Он спокойно усмехается:
– Как это?
– Говорят: нет бога!
– О! Вона что! Это я знаю.
И, отмахиваясь рукою от невидимой мухи, говорит:
– Еще царем Давидом, помнишь, сказано: «Рече безумен в сердце своем: несть бог», – вон когда еще говорили про это безумные! Без бога – никак нельзя обойтись…
Осип как будто соглашается с ним:
– Отними-ка у Петрухи бога-то – он те покажет кузькину мать!
Красивое лицо Шишлина становится строгим; перебирая бороду пальцами с засохшей известью на ногтях, он таинственно говорит:
– Бог вселен в каждую плоть; совесть и всё внутреннее ядро – от бога дано!
– А – грехи?
– Грехи – от плоти, от сатаны! Грехи – это снаружи, как воспа, не более того! Грешит всех сильней тот, кто о грехе много думает; не поминай греха – не согрешишь!

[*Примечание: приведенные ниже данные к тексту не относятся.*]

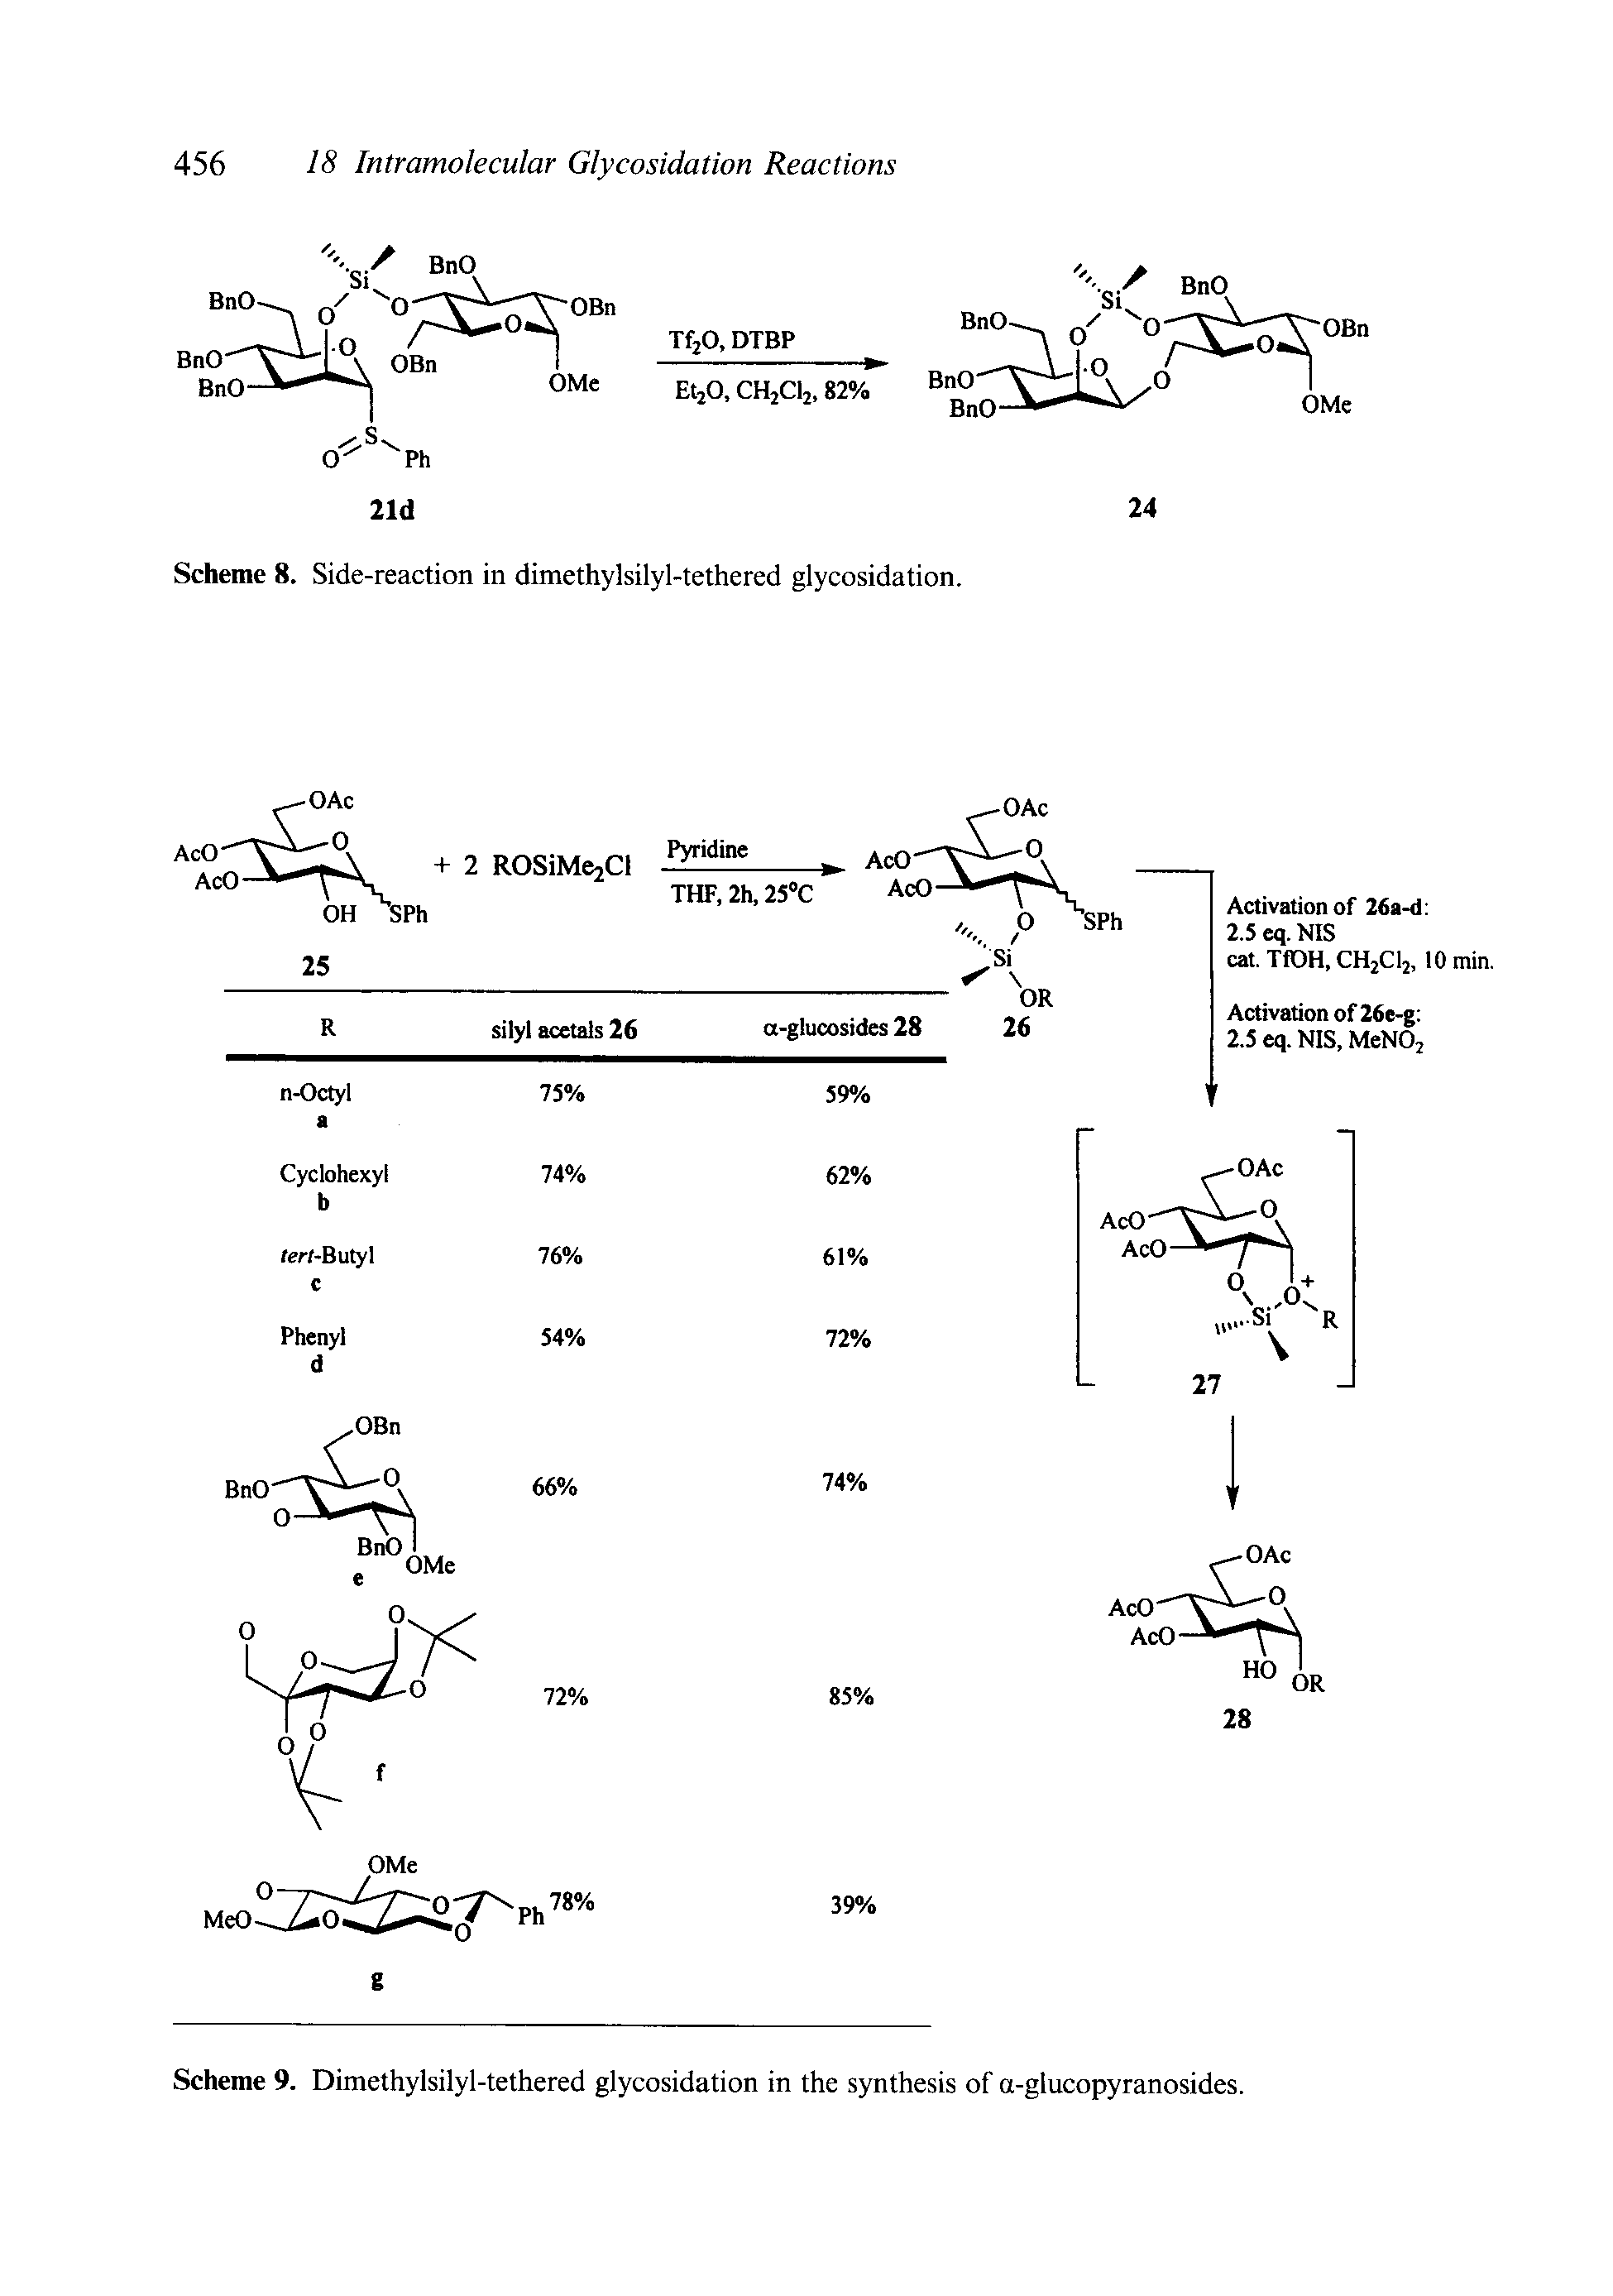 Scheme 8. Side-reaction in dimethylsilyl-tethered glycosidation.

Мысли о грехе – сатана, хозяин плоти, внушает…
Каменщик сомневается:
– Что-то не так будто бы…
– Так! Бог – безгрешен, а человек – образ и подобие его. Грешит образ, плоть; а подобие грешить не может, оно – подобие, дух…

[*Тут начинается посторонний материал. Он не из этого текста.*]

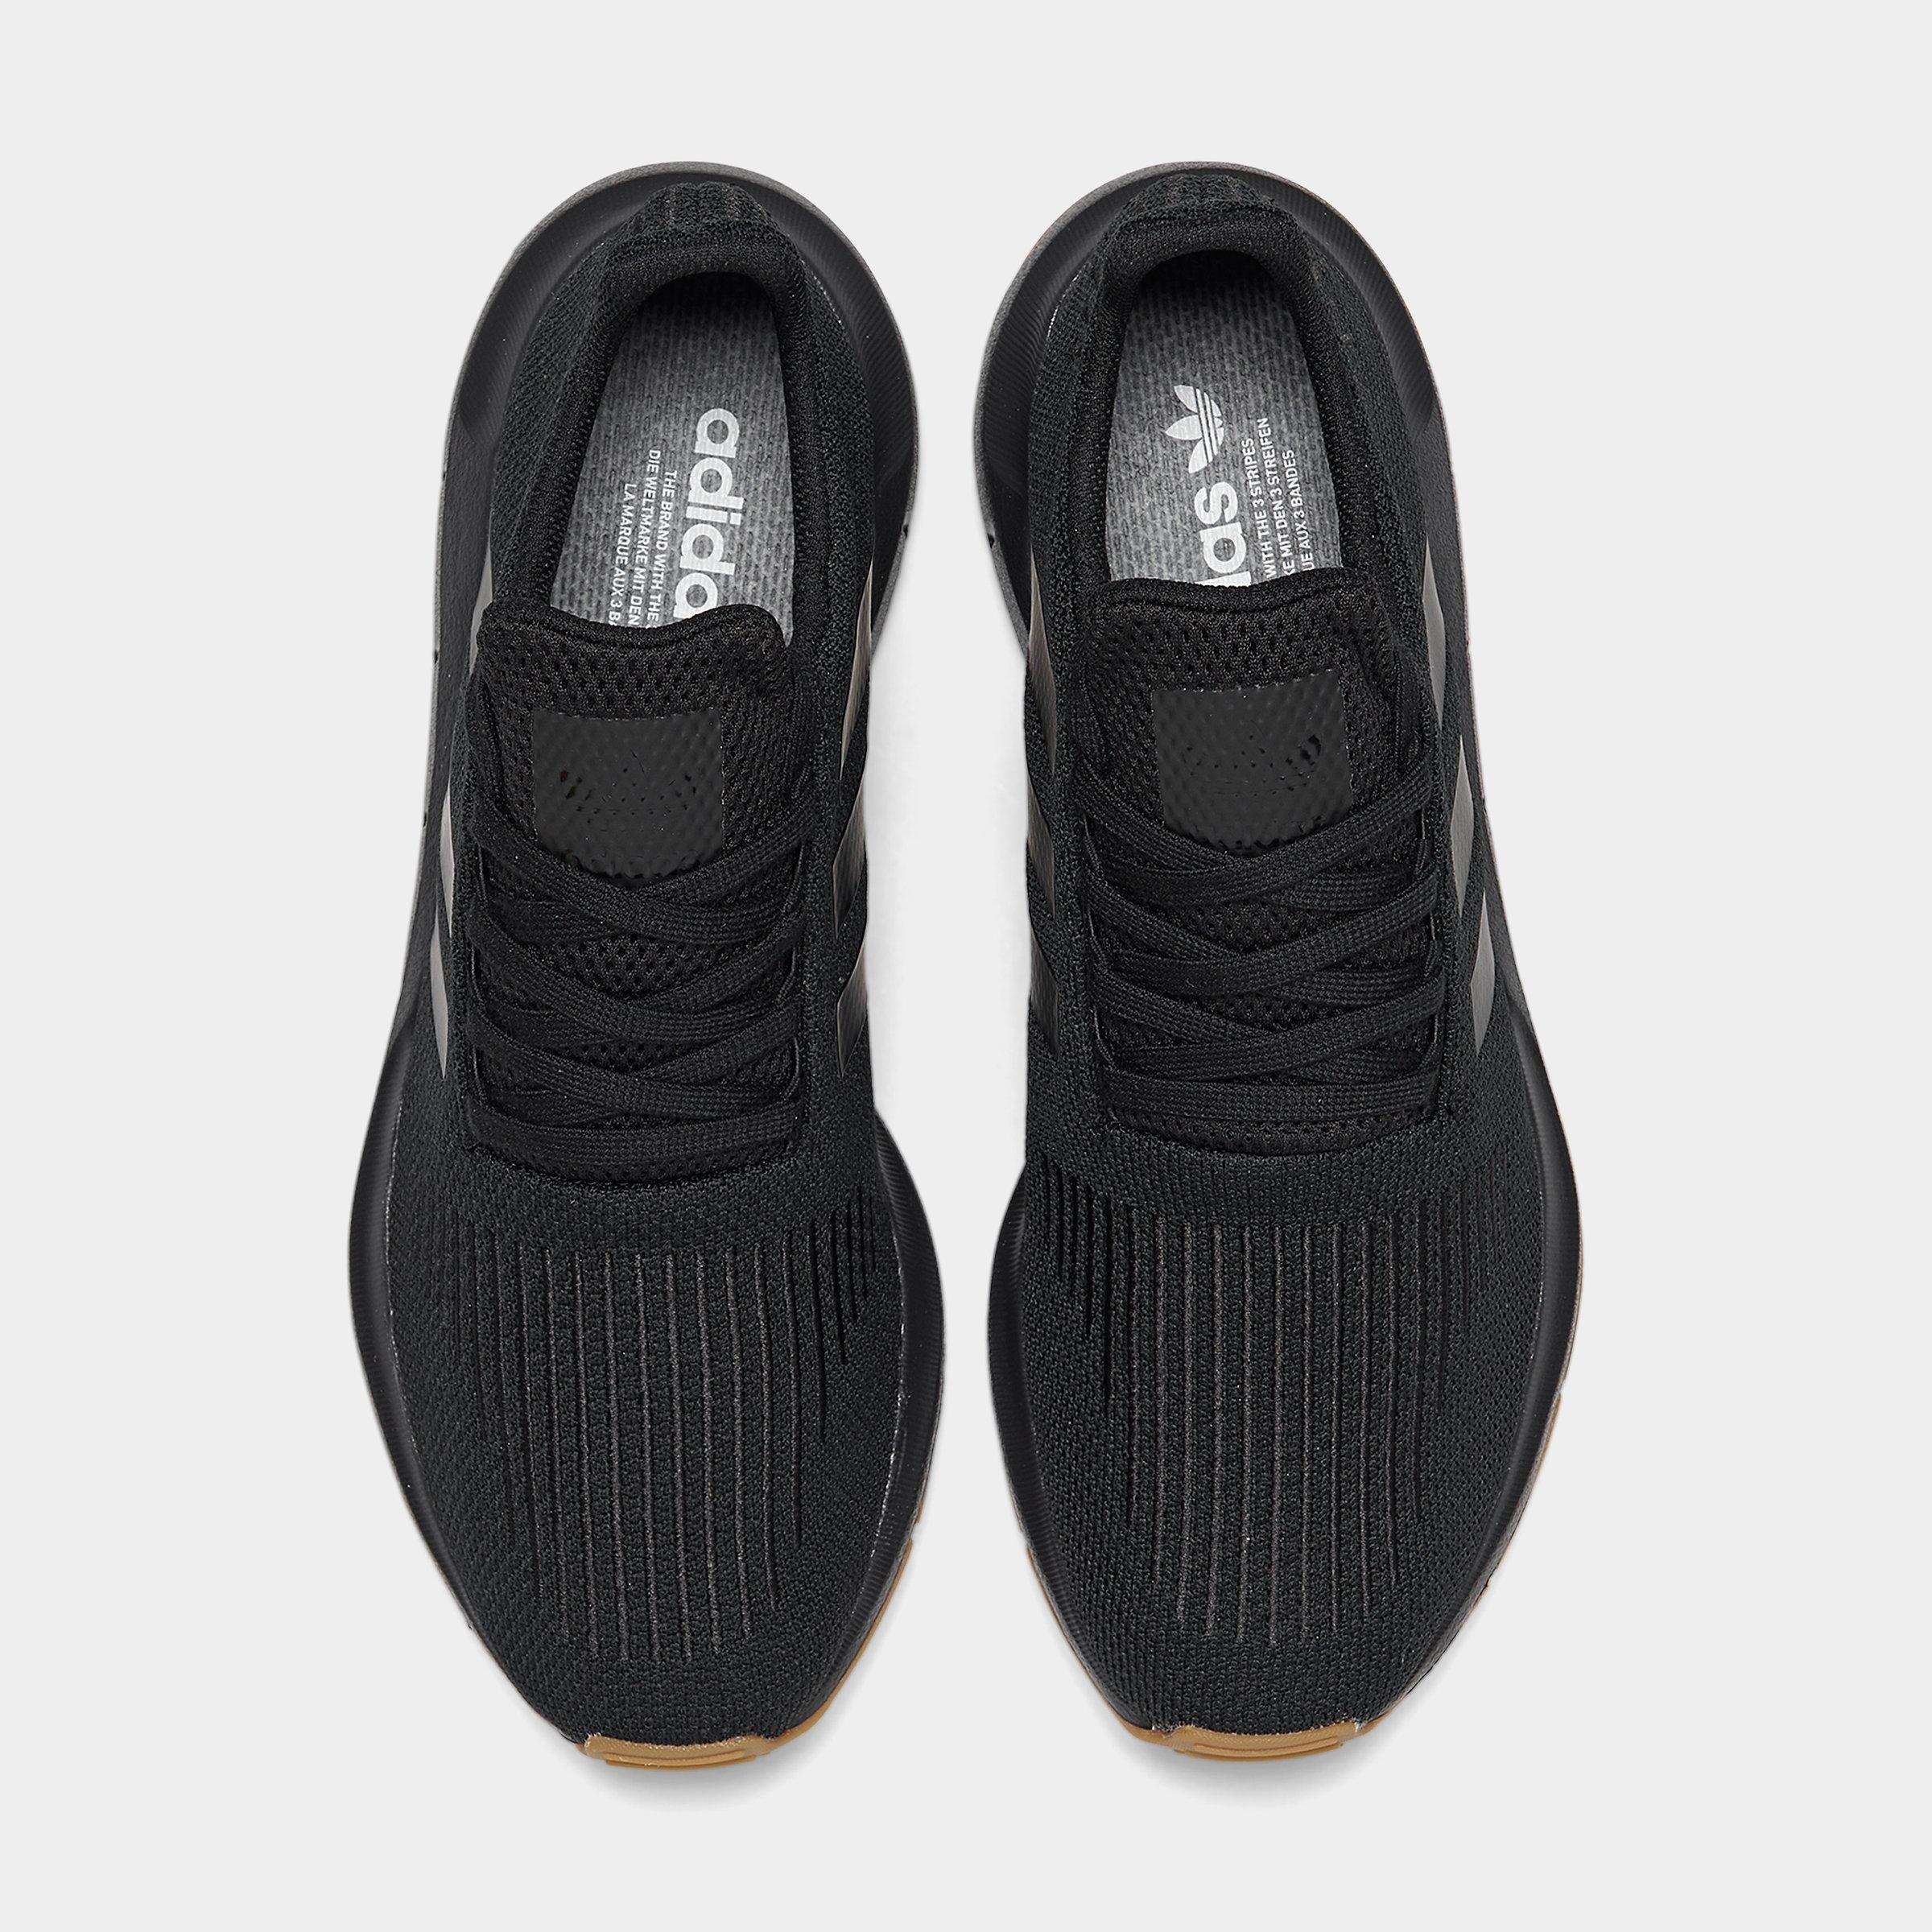 adidas men's swift run shoes black

Он победно улыбается, а Петр ворчит:
– Это будто бы не так…
– А по-твоему, – спрашивает Осип каменщика, – не согрешишь – не покаешься, не покаешься – не спасешься?
– Так-то надежнее будто! Чёрта забудешь – бога разлюбишь, говорили старики…
Шишлин непьющий, он пьянеет с двух рюмок; тогда лицо его становится розовым, глаза детскими, голос поет.
– Братцы мои, как всё это хорошо! Вот живем, работаем немножко, сыты, слава богу, – ах, как хорошо!
Он плакал, слезы стекали ему на бороду и светились на шёлке волос стеклянными бусами.
Его частые похвалы жизни и эти стеклянные слезы были неприятны мне, бабушка моя хвалила жизнь убедительнее, проще, не так навязчиво.
Все эти разговоры держали меня в постоянном напряжении, возбуждая смутную тревогу. Я уже много прочитал рассказов о мужиках и видел, как резко не похож книжный мужик на живого. В книжках все мужики несчастны; добрые и злые, все они беднее живых словами и мыслями. Книжный мужик меньше говорит о боге, о сектах, церкви, – больше о начальстве, о земле, о правде и тяжестях жизни. О женщинах он говорит тоже меньше, не столь грубо, более дружелюбно. Для живого мужика баба – забава, но забава опасная, с бабой всегда надо хитрить, а то она одолеет и запутает всю жизнь. Мужик из книжки или плох или хорош, но он всегда весь тут, в книжке, а живые мужики ни хороши, ни плохи, они удивительно интересны. Как бы перед тобою ни выболтался живой мужик, всегда чувствуется, что в нем осталось еще что-то, но этот остаток – только для себя, и, может быть, именно в этом несказанном, скрытом – самое главное.
Изо всех книжных мужиков мне наибольше понравился Петр «Плотничьей артели»; захотелось прочитать этот рассказ моим друзьям, и я принес книгу на Ярмарку. Мне часто приходилось ночевать в той или другой артели, иногда потому, что не хотелось возвращаться в город по дождю, чаше – потому, что за день я уставал и не хватало сил идти домой.
Когда я сказал, что вот у меня есть книга о плотниках, это всех живо заинтересовало, а Осипа – особенно. Он взял книгу из рук у меня, перелистал ее, недоверчиво покачивая иконописною головой.
– А и впрямь будто про нас написано! Ишь ты, шельмы! Кто писал барин? Ну, я так и подумал Баре да чиновники на всё горазды! Где господь не догадается, там чиновник домыслит; на то они и живы есть…
– Неосторожно ты, Осип, про бога говоришь, – заметил Петр.
– Ничего! Для господа мое слово – меньше, как мне на лысину снежинка али капля дождевая. Ты – не сумневайся, нам с тобой до бога не дотронуться…
Он вдруг беспокойно заиграл, разбрасывая, словно кремень искры, острые словечки, состригая ими, как ножницами, всё, что противоречило ему. Несколько раз в течение дня он спрашивал:
– Читаем, Максимыч? Ну, дело, дело! Это ладно придумано.
Пошабашив, пошли ужинать к нему в артель, а после ужина явились Петр со своим работником Ардальоном и Шишлин с молодым парнем Фомою. В сарае, где артель спала, зажгли лампу, и я начал читать; слушали молча, не шевелясь, но скоро Ардальон сказал сердито:
– Ну, с меня довольно!
И ушел. Первым заснул Григорий, удивленно открыв рот, за ним заснули плотники, но Петр, Осип и Фома, пододвинувшись ко мне, слушали с напряжением.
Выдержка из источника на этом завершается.